Judicial Control and Concept of Administrative Court System Development in RF

      On November 22 the State Duma of RF adopted in the first reading the draft Federal Law On Federal Administrative Courts in the Russian Federation initiated by the Supreme Court of RF.

      As is noted in the explanatory note to the draft, the necessity to establish administrative justice to effect administrative proceedings is based on Articles 118 and 126 of the Constitution of RF, subject to which the justice is administered in common courts through civil, criminal, and administrative proceedings, and the Supreme Court of the Russian Federation is the highest judicial authority in civil, criminal, administrative and other cases subject to the jurisdiction of the common courts.

      With references to the increasing number and special importance of the cases following from administrative relations, the Supreme Court has noted that the above categories of cases, in particular recognition as invalid of normative acts issued by various branches of power (including those issued by the subjects of the Russian Federation) and certain other disputes arising in the sphere of administrative relations are becoming more and more topical.

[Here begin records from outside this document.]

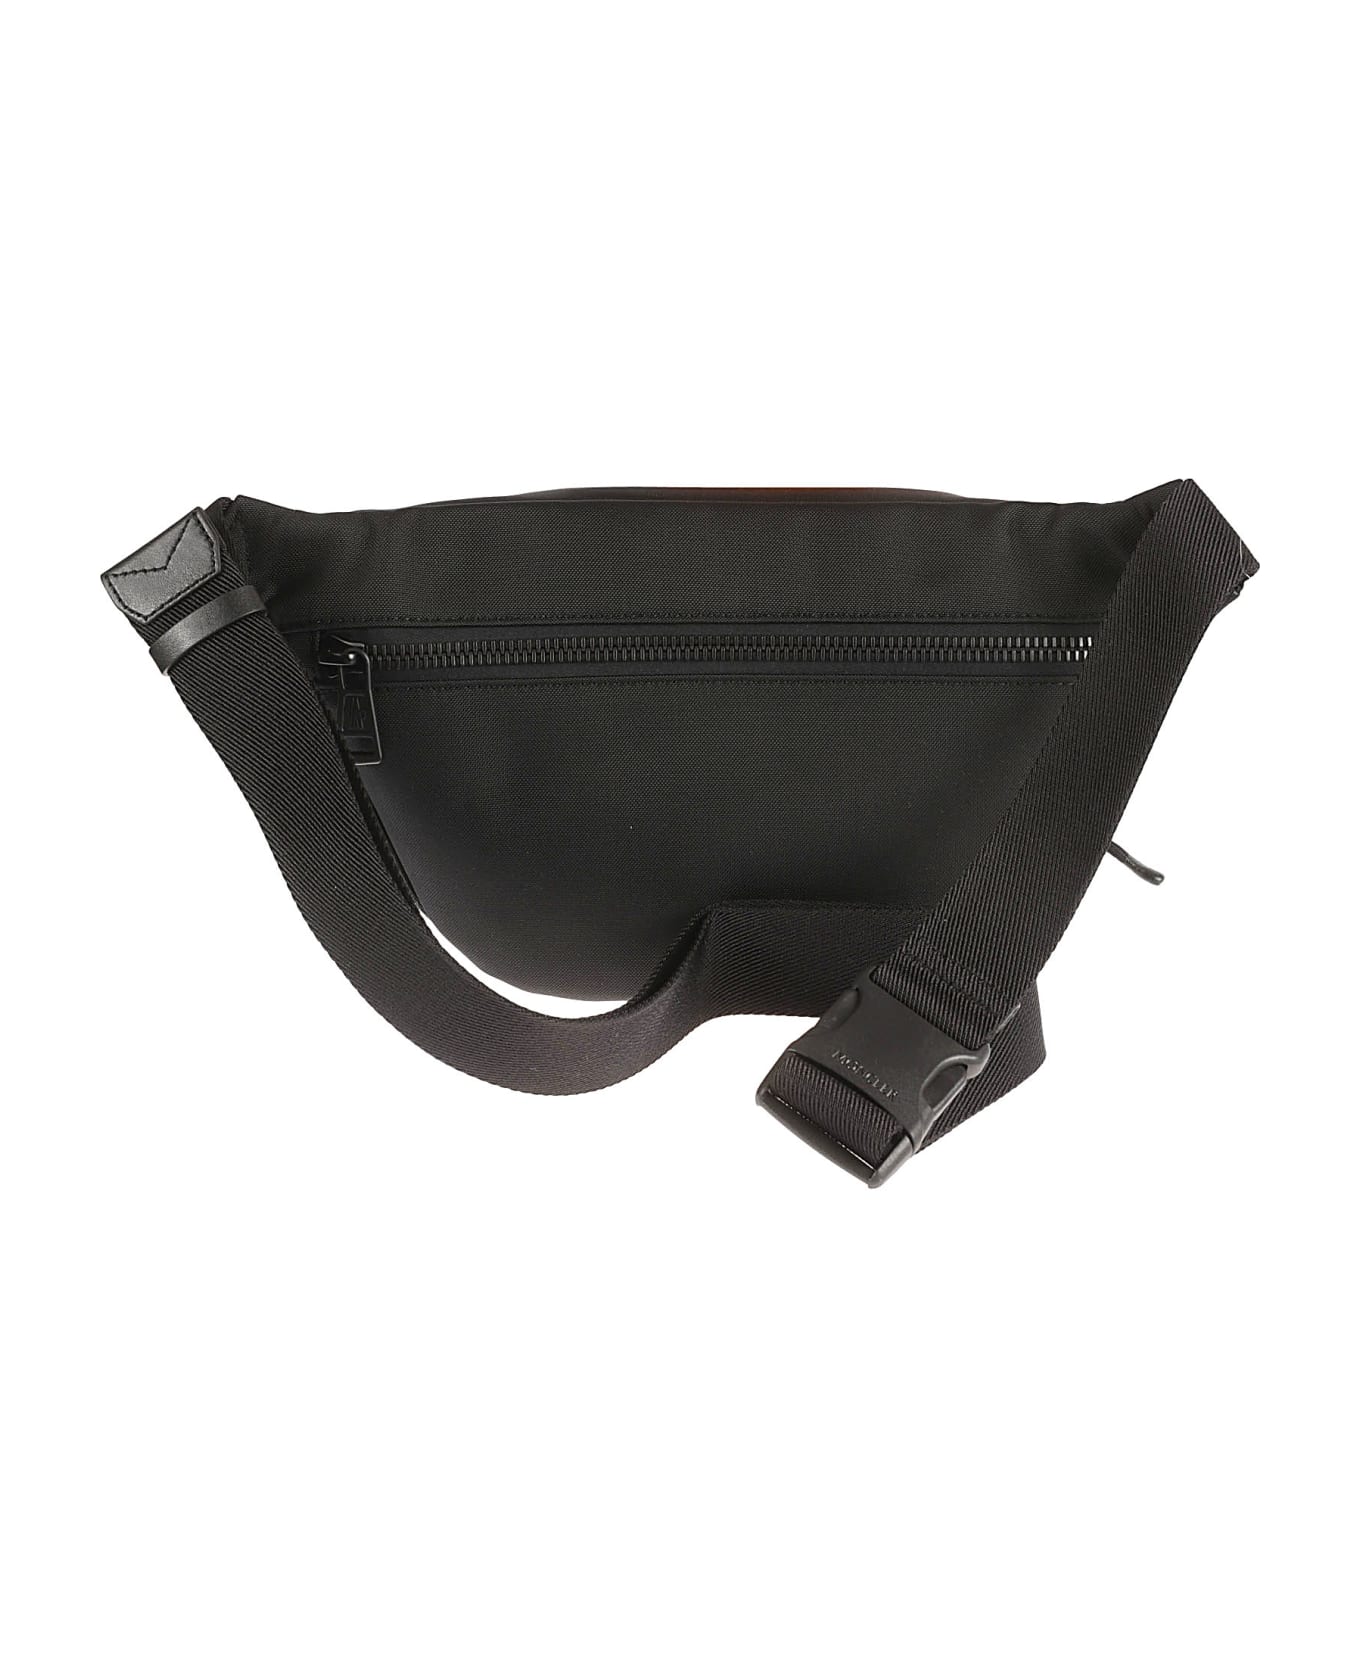 Moncler Durance Belt Bag - Black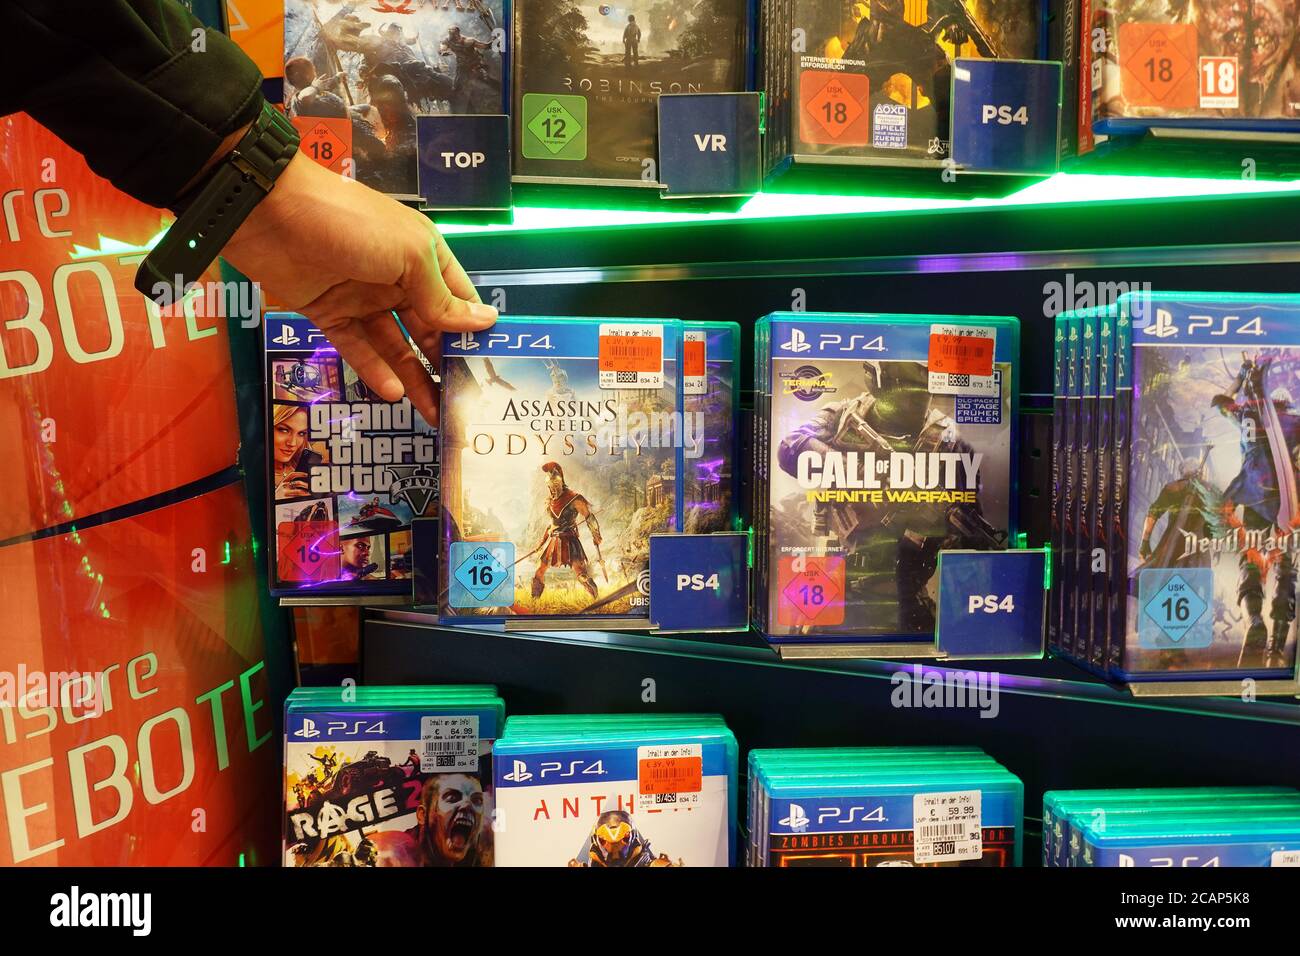 Jeu PS4 Assassin's Creed dans une boutique Banque D'Images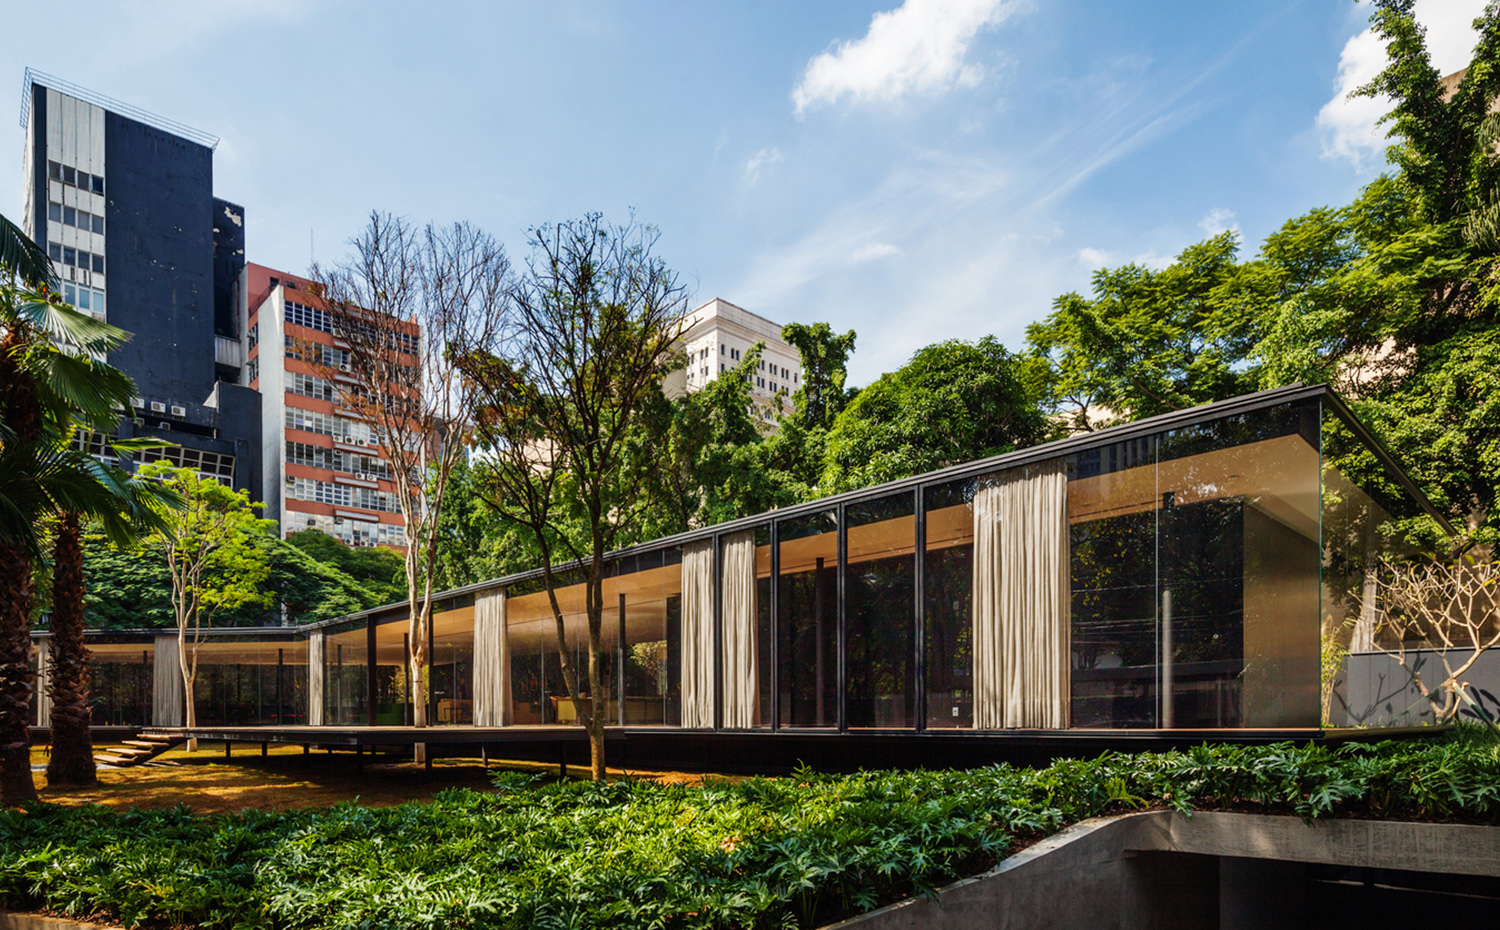 La finca, situada en un barrio de São Paulo, está rodeada de edificios. Un sótano técnico se camufla en el jardín como zona de servicio y almacén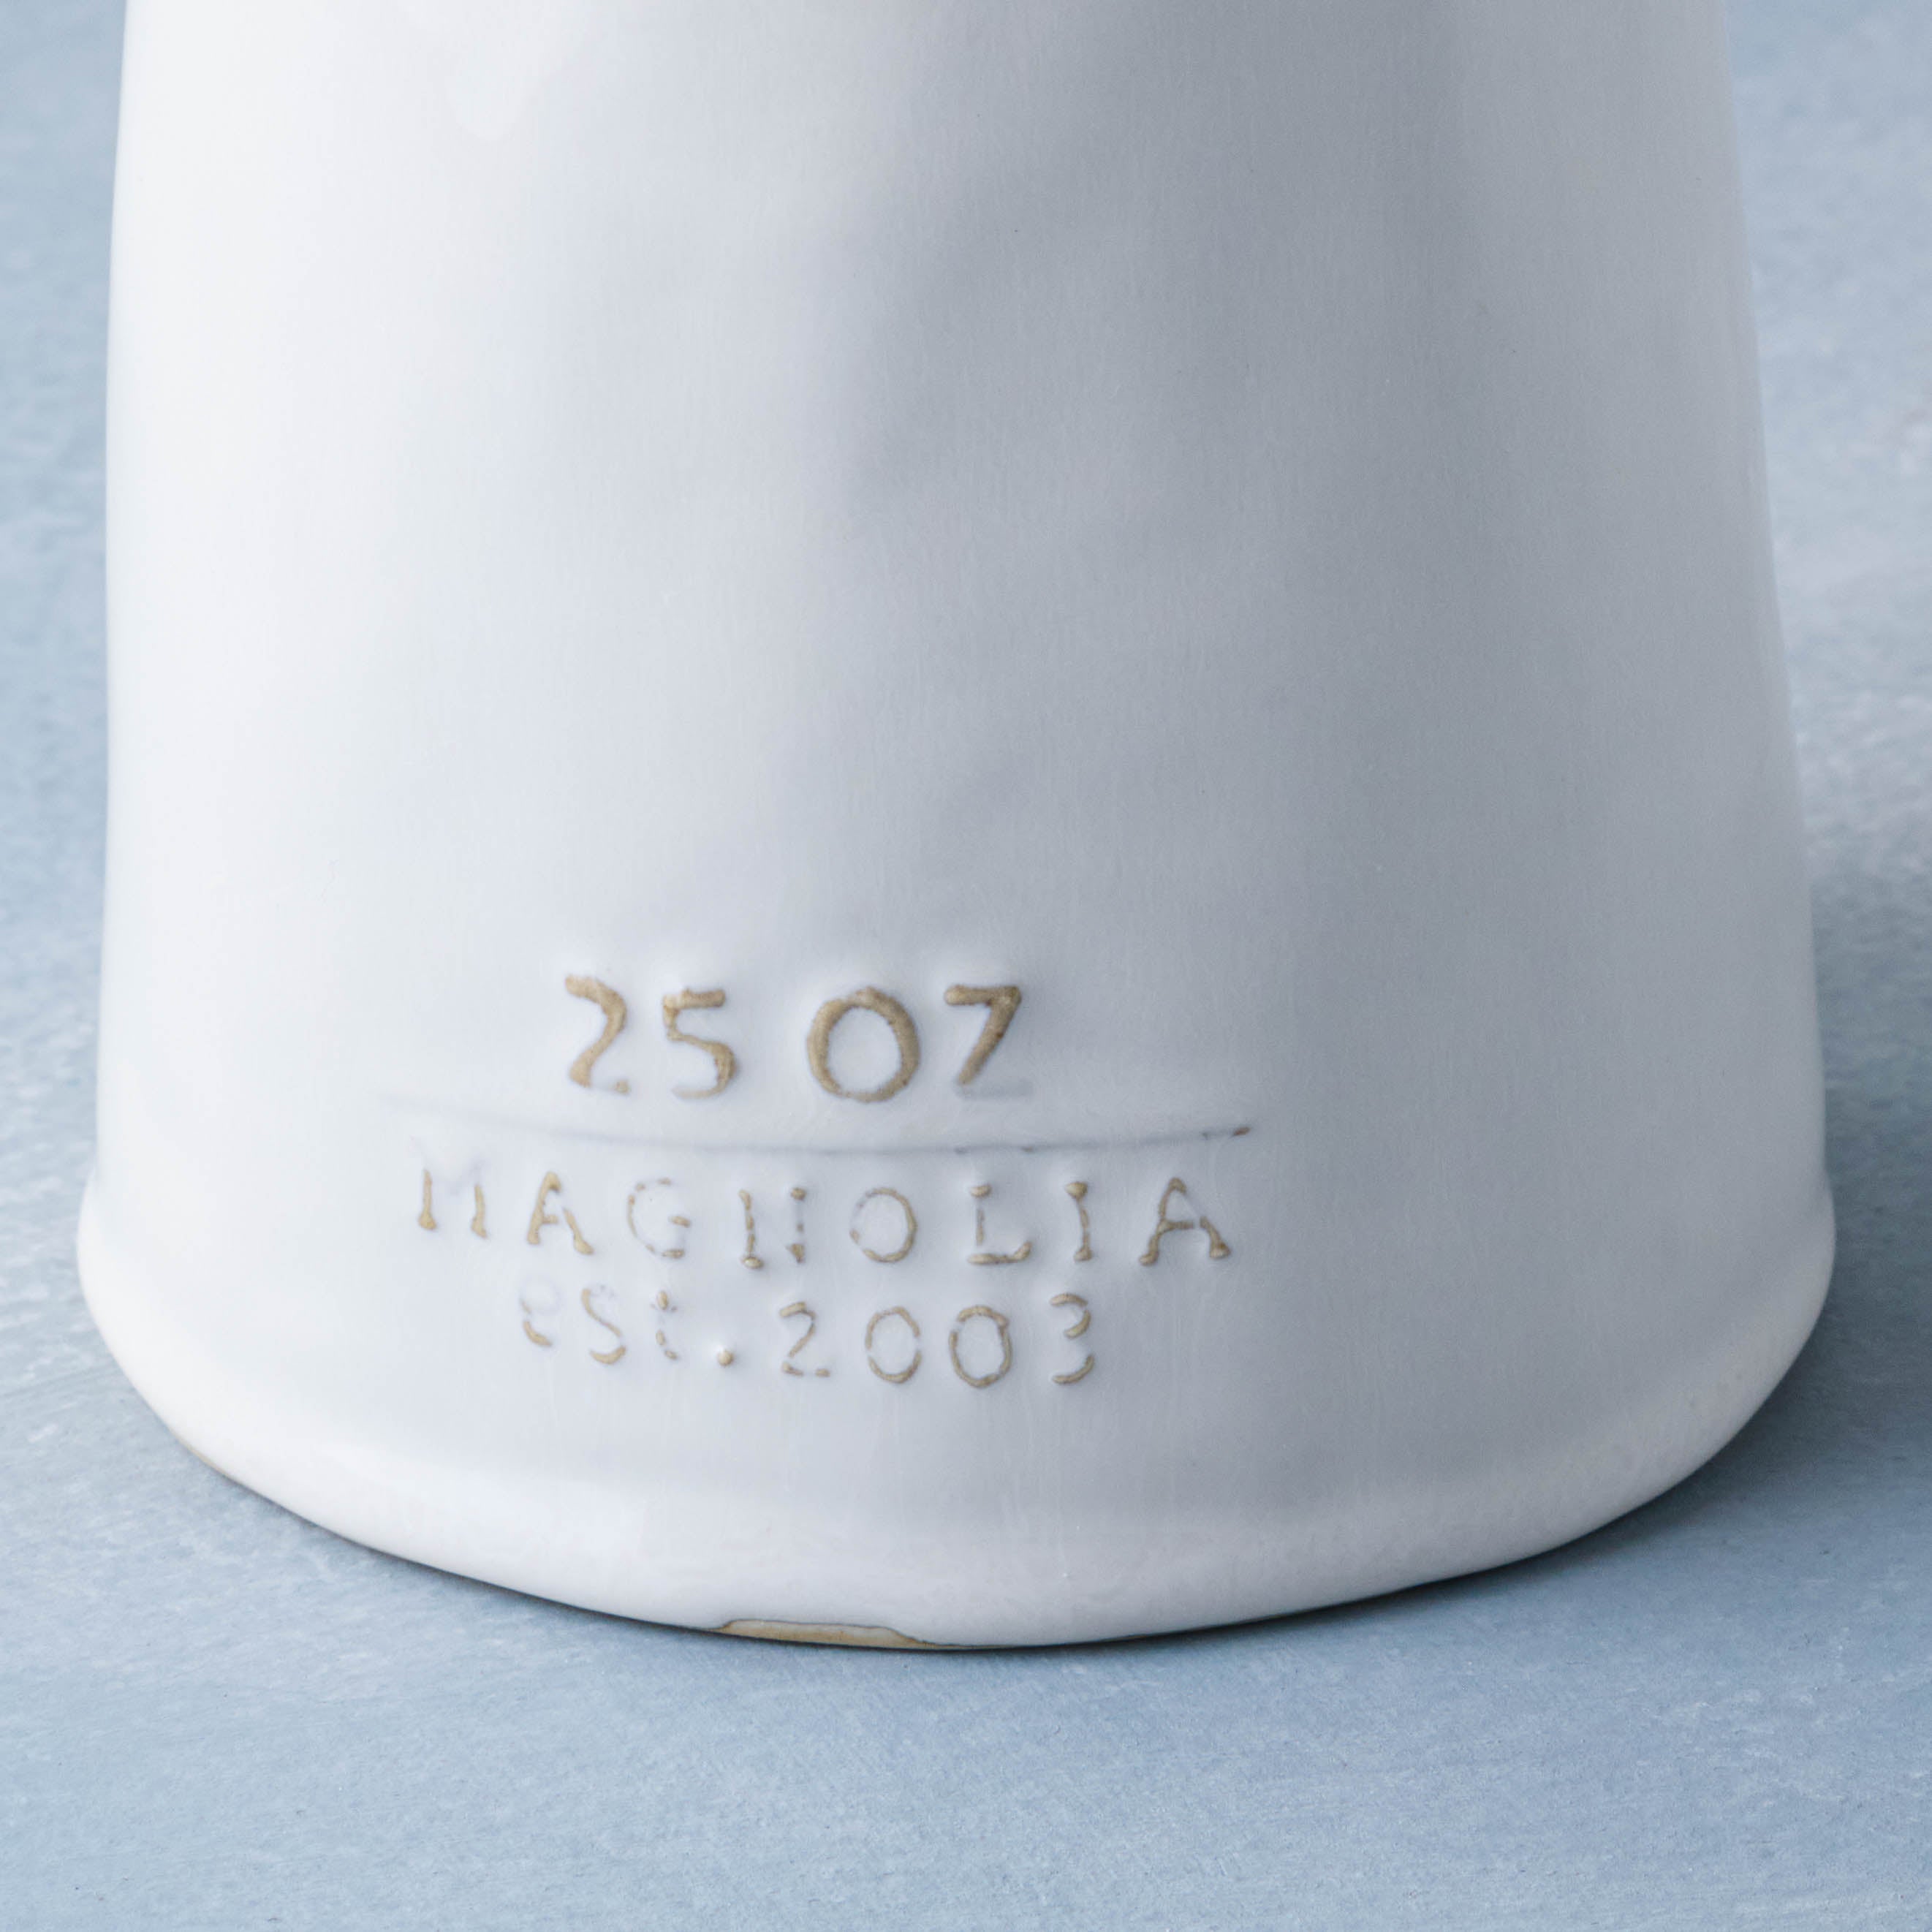 Magnolia Est. Oil Pour - Magnolia

      In consequence of the complexity of the above category of cases, their consideration and correct resolution undoubtedly require a high qualification of judges. But since the majority of these cases are considered in civil proceedings by district courts and regional courts, it is very difficult to ensure such qualification. The Supreme Court of RF also noted the complaints which cast doubt over the objectiveness of the judgements rendered in cases of appeals against the actions of highest officials of the Russian Federation, representative authorities on the grounds that due to the lack of financing the courts are compelled to receive from such authorities certain financial assistance and, hence, as the applicants believe, the courts are influenced to a certain extent by such authorities. In the opinion of the Supreme Court of RF it is possible to overcome negative tendencies in consideration of administrative cases by creation of independent administrative courts in the system of common courts, which would not be related to the existing territorial and administrative division of the country. For this purpose it is suggested to set up 21 federal district administrative courts within the respective federal districts (the jurisdiction of these courts will comprise several subjects of the Russian Federation) and federal interregional administrative courts whose jurisdiction will comprise several regions of the subjects of the Russian Federation.

      Besides, it is suggested to set up an Administrative Board at the Supreme Court of the Russian Federation and, whenever necessary, respective boards in the regional courts.

      It is assumed that federal district administrative courts will consider as a court of first instance the cases of verifying the legality of decisions taken by the heads of the subjects of the Russian Federation and their representative authorities, as well as the disputes between the subjects of the Russian Federation. They will also act as a court of second instance in regard of the cases considered in administrative boards of the regional courts.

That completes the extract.